We chose to focus on mouse lifespan because the data are straightforward, we know the field well, and no project has yet systematically compiled, standardized, and openly shared lifespan data while enabling community contributions that can continuously expand the database with each new experiment. By focusing on this dataset first, we aim to showcase what's possible when the community is equipped with a centralized resource and intuitive tools that automate tedious steps like data extraction and metadata standardization. Ultimately, our goal is a lasting, dynamic database that grows with each new experiment for decades to come.

How We Built It

Our aim was not to build a comprehensive resource, but rather to provide the infrastructure and tools that enable the community to build with us.

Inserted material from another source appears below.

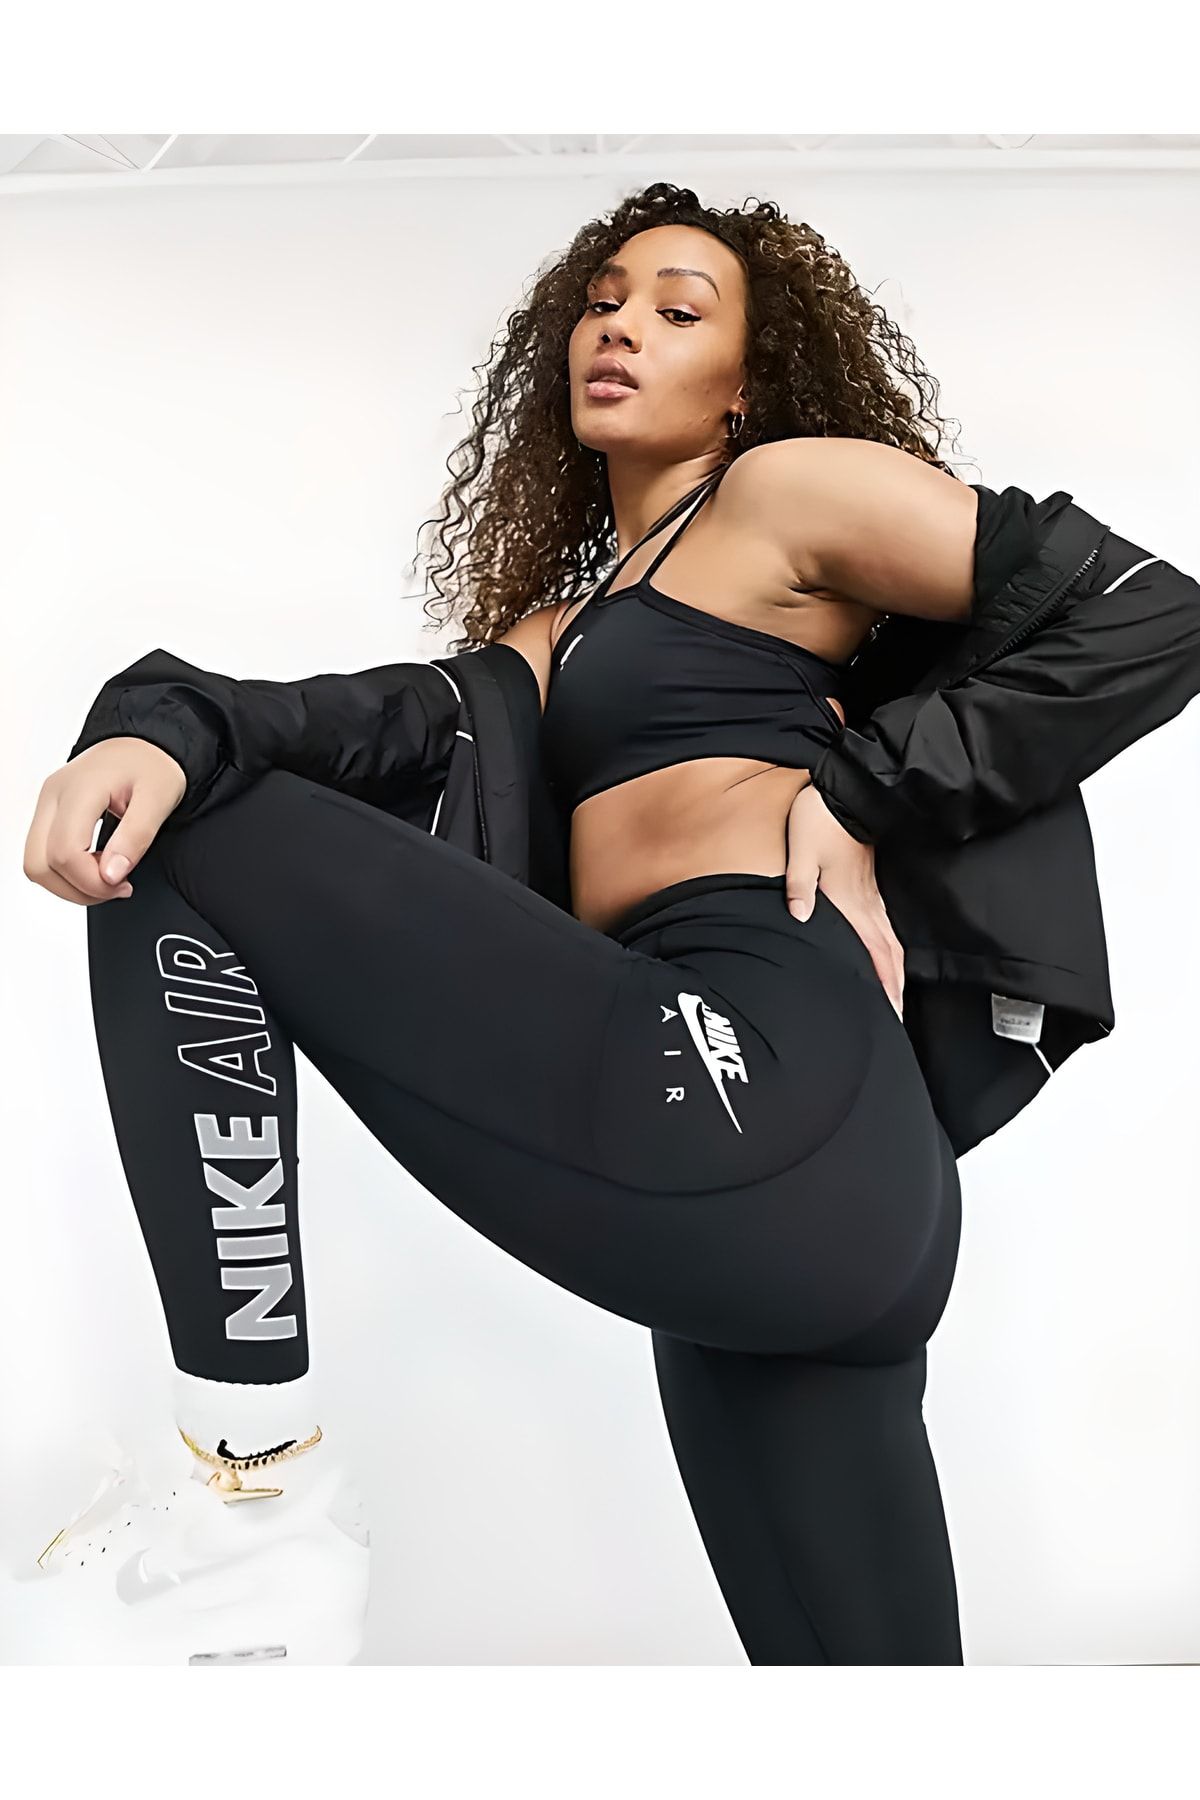 Nike One Kadın Tayt Dd0245-010 Fiyatı, Yorumları - Trendyol

This entailed several steps:

  1. Identifying dozens of mouse lifespan experiments
  2. Building a Content Management System
    1. To automate metadata extraction, standardization, and verification
  3. Extracting and standardizing lifespan data
  4. Building a portal for users to find and interact with experiments
  5. Enabling community contributions

Identifying Studies

We performed this first step manually to demonstrate the futility of traditional approaches to research. In brief, we scanned the top 100 hits from 4 different search engines using the simple term “mouse lifespan”, and recorded the total time to verify if a paper had actual lifespan results, and data. Searching for the raw data through supplementary files was the most time consuming part.

Search Tool

Total Time

# hits

# with raw data

Notes

PubMed

~3 hrs

30 / 100

7 / 100

6 more from ITP, which supplies raw data elsewhere.

Google Scholar

~2.5 hrs

48 / 100

5 / 100

Shorter time b/c several overlapped with PubMed, and fewer contained supplementary files to look through.

Google

~2 hrs

17 / 100

7 / 100

Diverse hits, not all primary papers.

Elicit

~4.5 hrs

53 / 100

4 / 100

Nearly every hit was relevant, but many were reviews or 50+ year old papers w/out raw data.

In total, this step took about 12 hours of manual labor, returning 131 papers containing lifespan experiments, of which 32 included raw data. However, excluding ITP studies dropped this to 12 / 113, or 10.6%. After emailing all authors (when an address was supplied), 2 sent back raw data. Several more hours were spent extracting email addresses and creating a table to track everything. Note that we did not filter for e.g. interventions applied only to wild-type mice, or even to interventions per se. Since one can filter as they like later, it made sense to us to be inclusive of any study that reports lifespan in any scenario.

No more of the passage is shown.